Всем живым существам свойственна тенденция развиваться соответственно собственной природе. Поэтому мы пытаемся сопротивляться всякий раз, когда кто-то мешает нам расти и органично развивать свою структуру. Это сопротивление может быть сознательным или бессознательным, и, чтобы его сломать, нужно применить физическую или психическую силу. Неживые объекты оказывают сопротивление внешним воздействиям своей атомарной (молекулярной структурой). Но они не «возражают», чтобы их использовали.
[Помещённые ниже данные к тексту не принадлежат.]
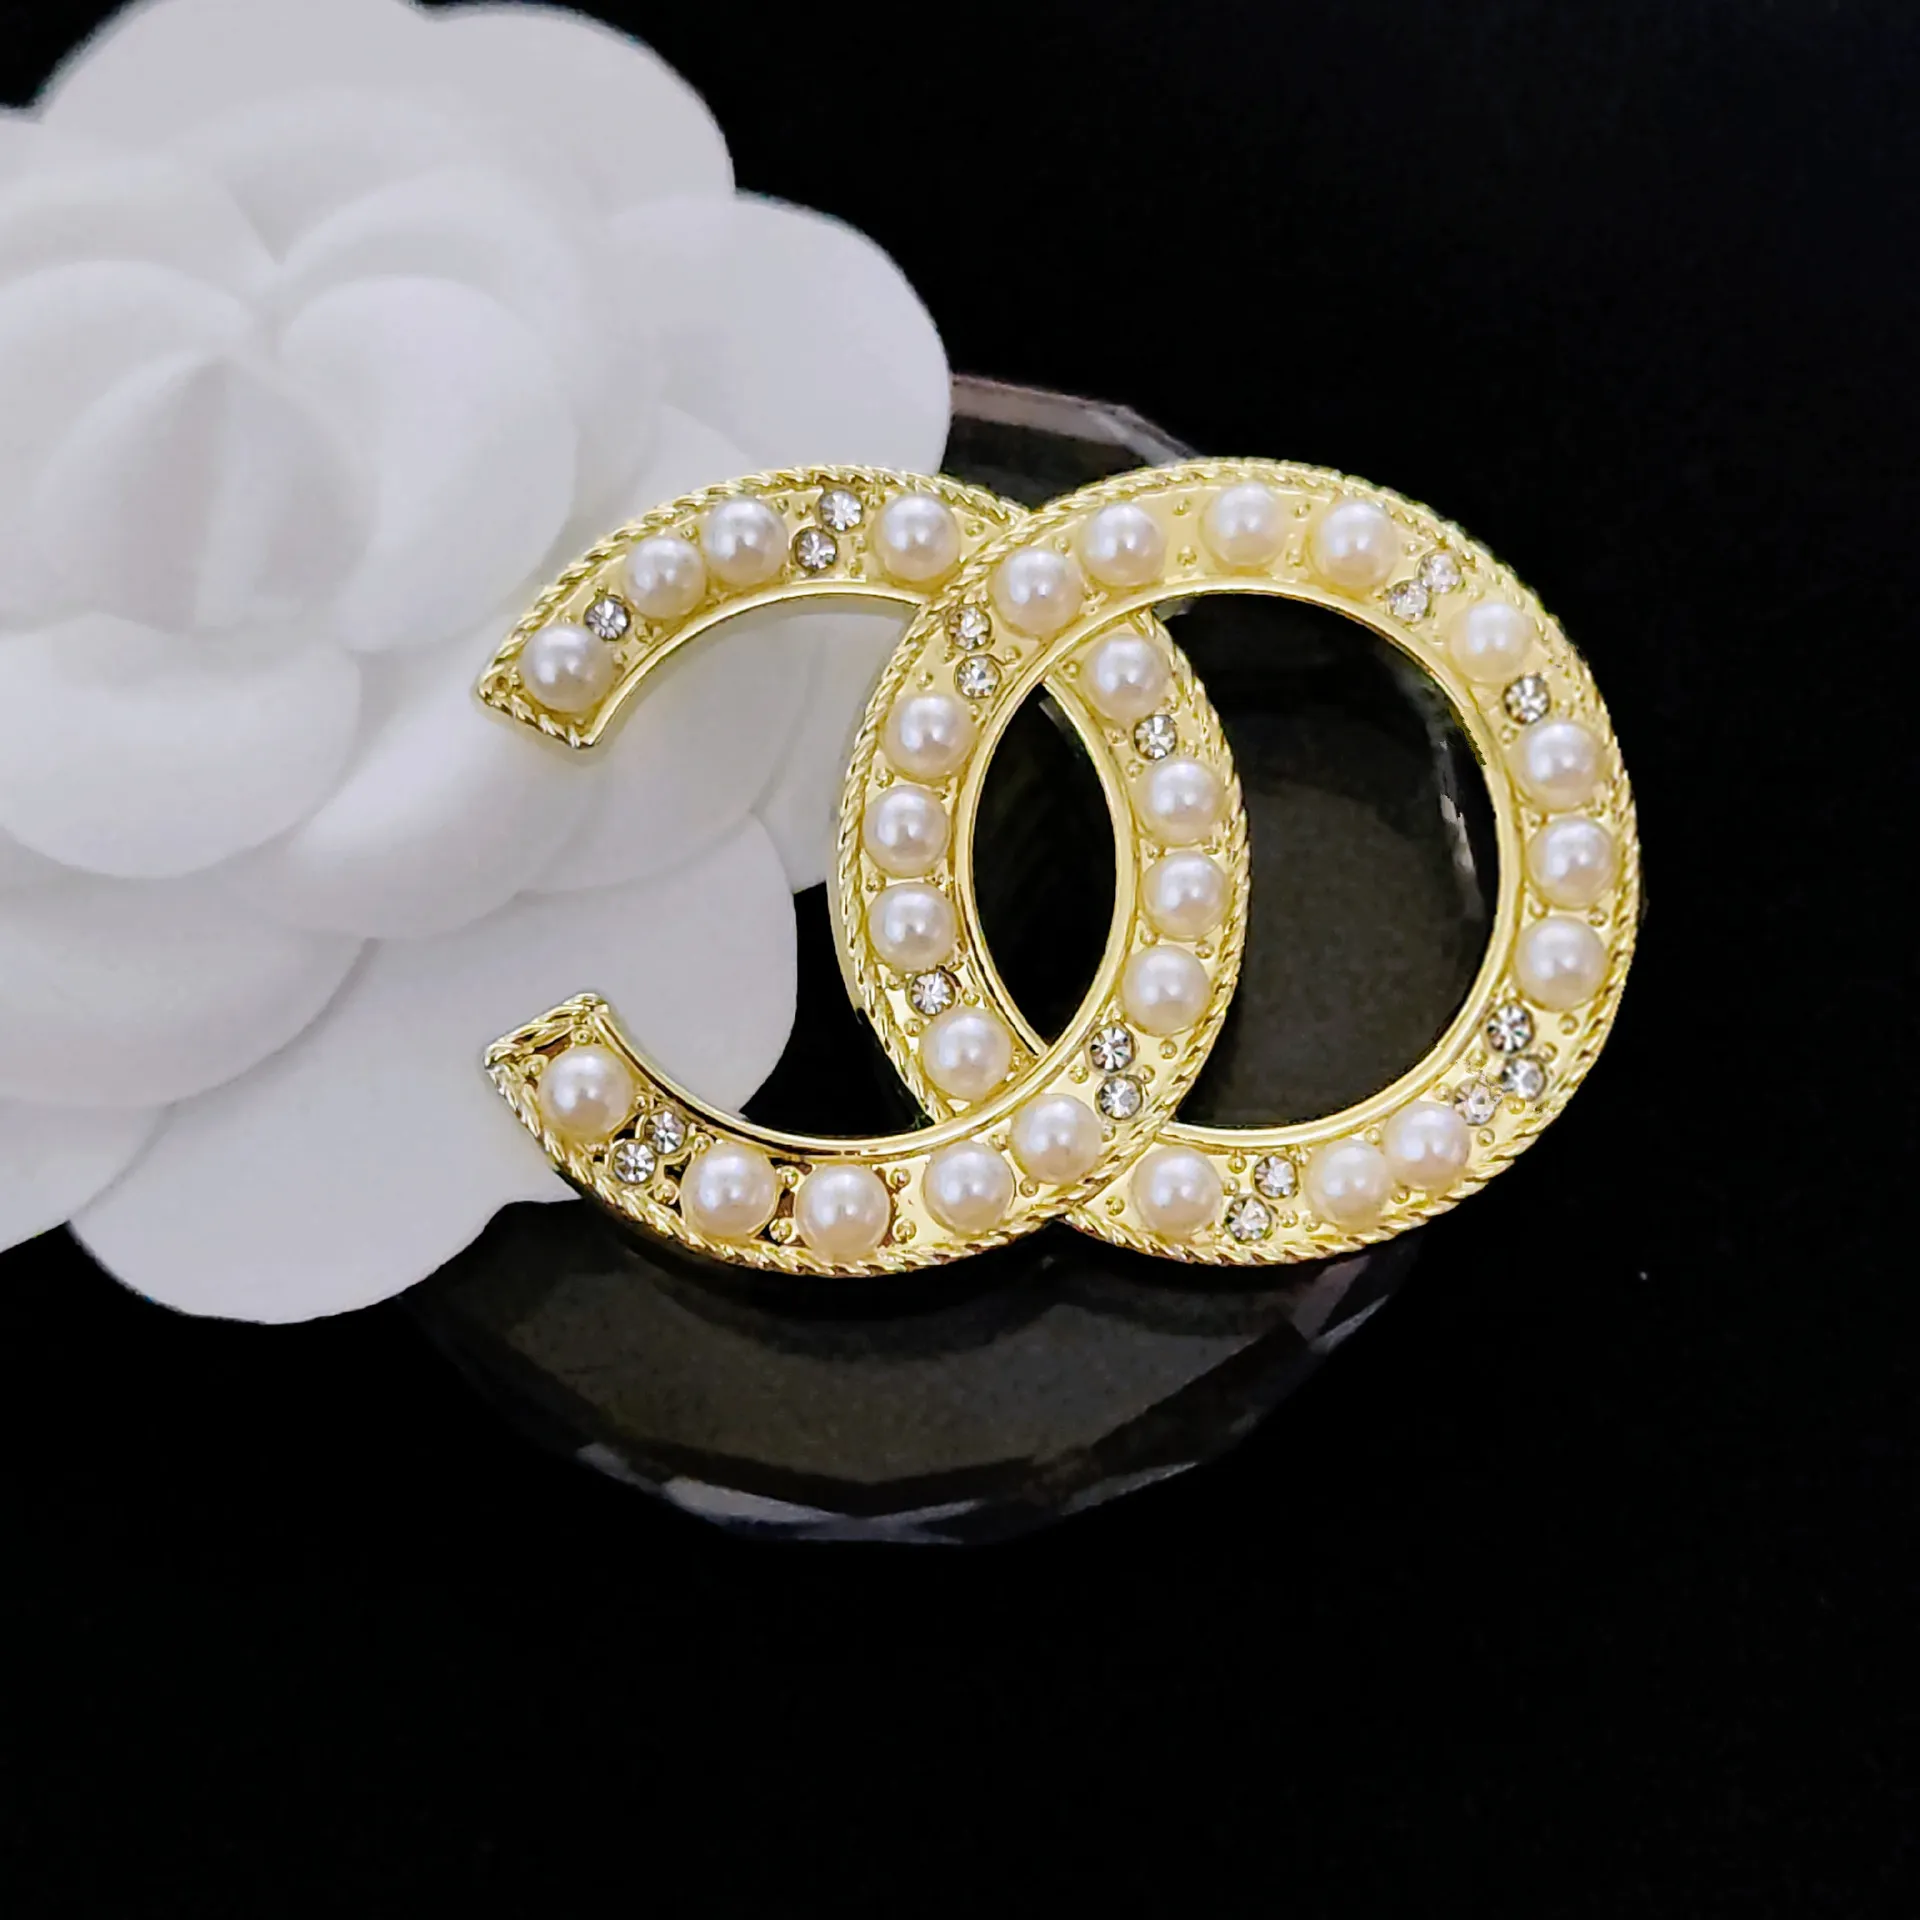 20 Style Vintage Brand Desinger brosch lyx kvinnor broscher kostym stift smycken tillbehör gifter sig bröllopsfest gåva
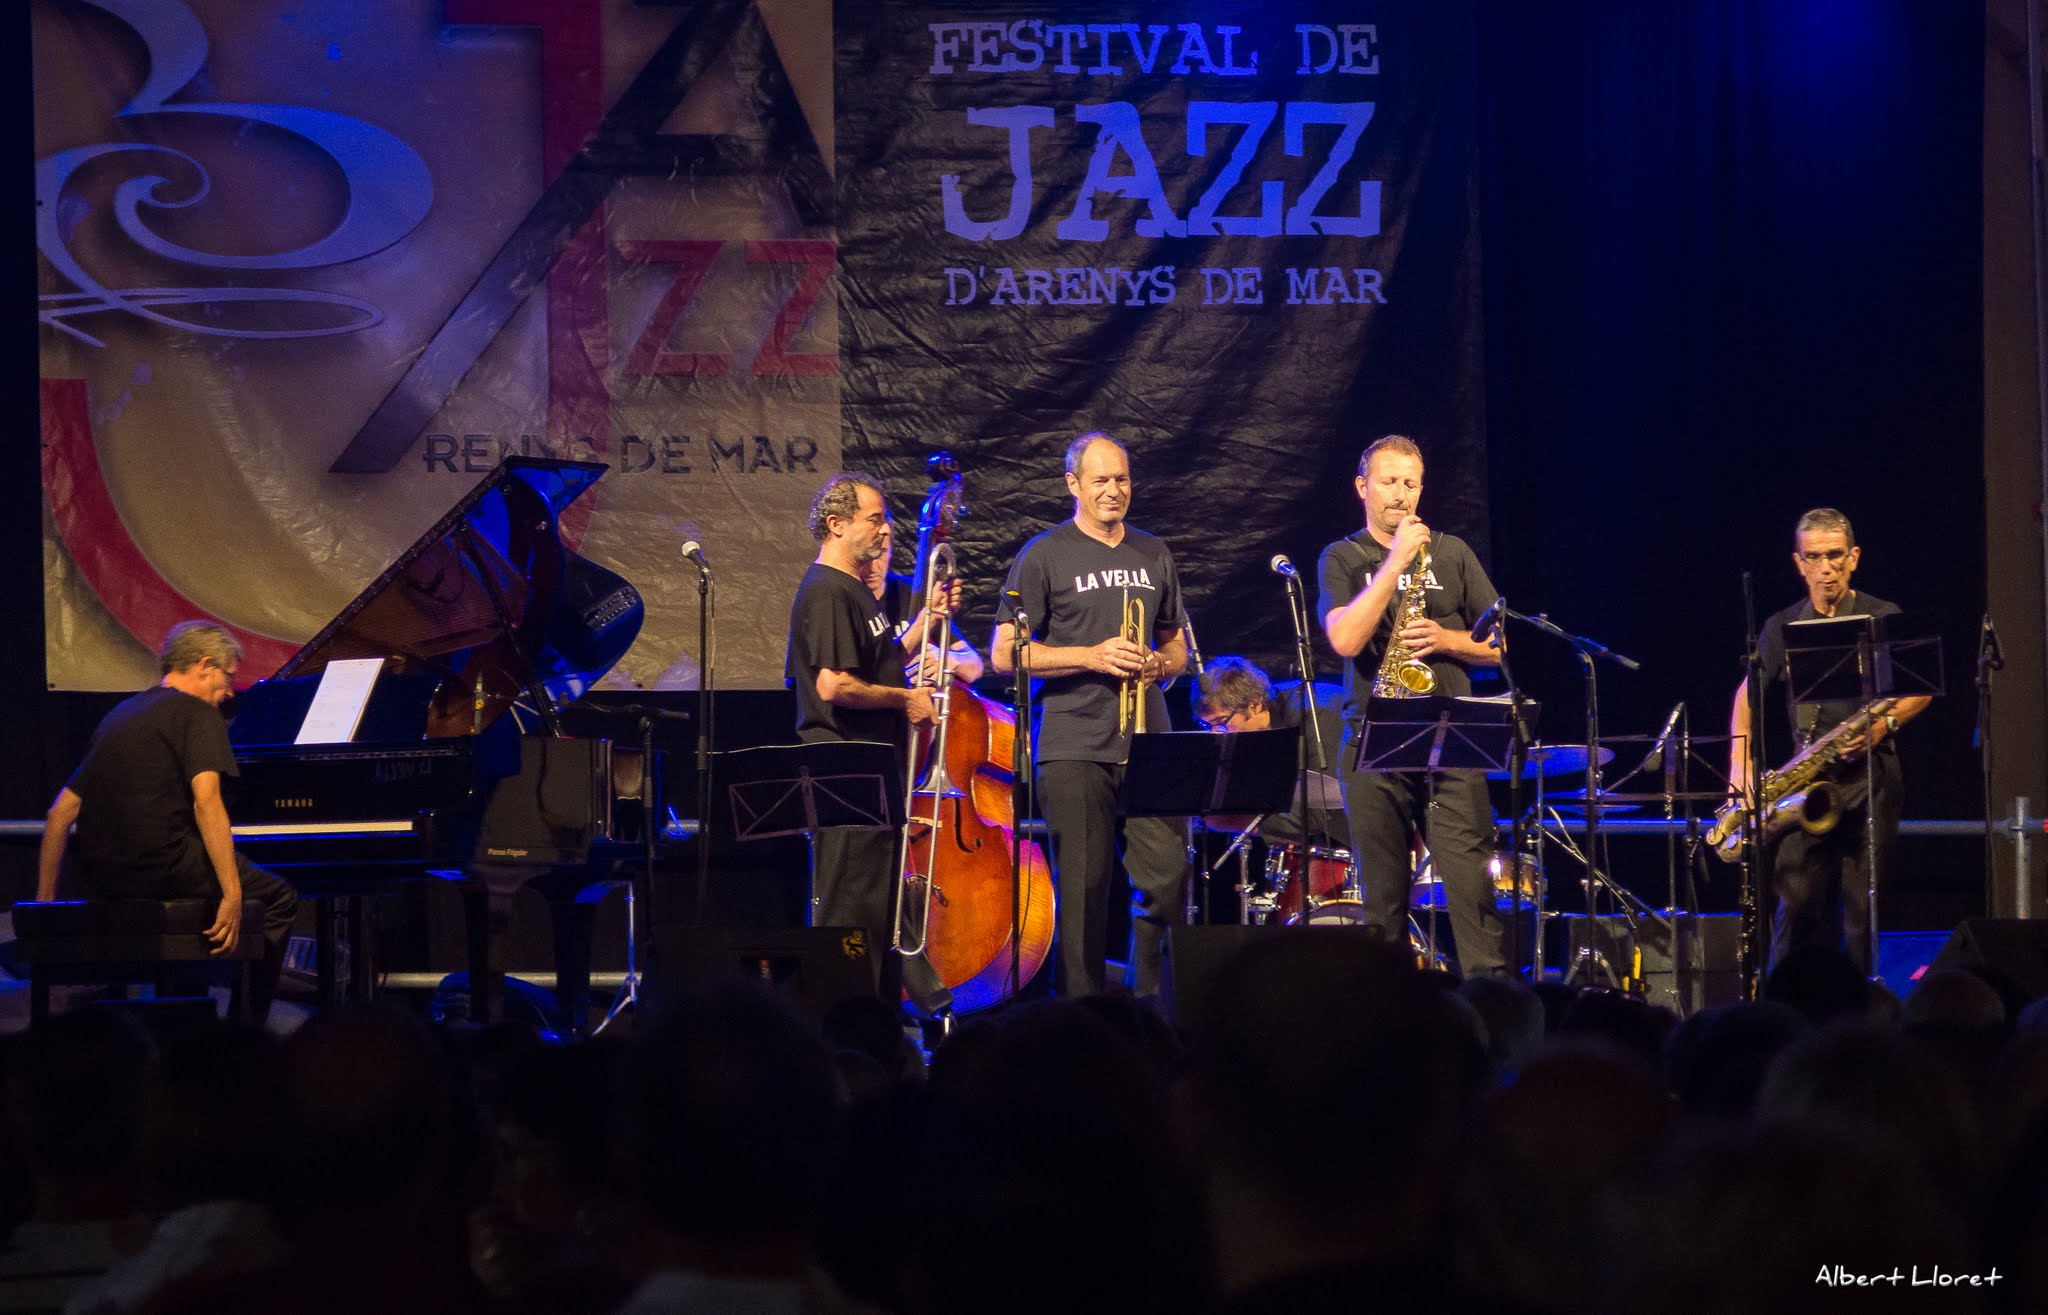 Imatges del 25 Festival de Jazz d'Arenys de Mar - 2016 - Foto 37026209

Применение гетерогенной силы к живым объектам (такое воздействие, которое пытается нас направить в сторону, противоположную нашей внутренней организации, и может повредить нашему развитию) вызывает обязательный и всесторонний протест – от прямого открытого и действенного сопротивления до косвенного, пассивного и часто бессознательного.
Однако человек с младенчества ограничен в возможностях свободного, спонтанного выражения своей воли. По мере взросления человек вынужден отказаться от большей части своих подлинных стремлений и интересов и принять волю, желания и чувства, которые не присущи ему самому, а навязаны теми стандартами мышления и поведения, которые присущи данному обществу. Общество и семья (как психосоциальные посредники) вынуждены решать трудную задачу:
Труднее всего достигается подавление воли в области секса, ибо здесь мы имеем дело с природным инстинктом, который хуже других поддается манипулированию. Поэтому за сексуальную свободу приходилось всегда вести более активную борьбу, чем за какие-либо другие свободы. Нет нужды перечислять различные формы осуждения секса, мотивированные либо принципами морали (греховность), либо идеями сохранения здоровья (мастурбация вредна!), либо какими бы то ни было другими соображениями. Церковь запрещает регулирование рождаемости и внебрачные связи, но вовсе не потому, что она считает жизнь священной, а лишь с целью осуждения секса, если он не служит продолжению рода.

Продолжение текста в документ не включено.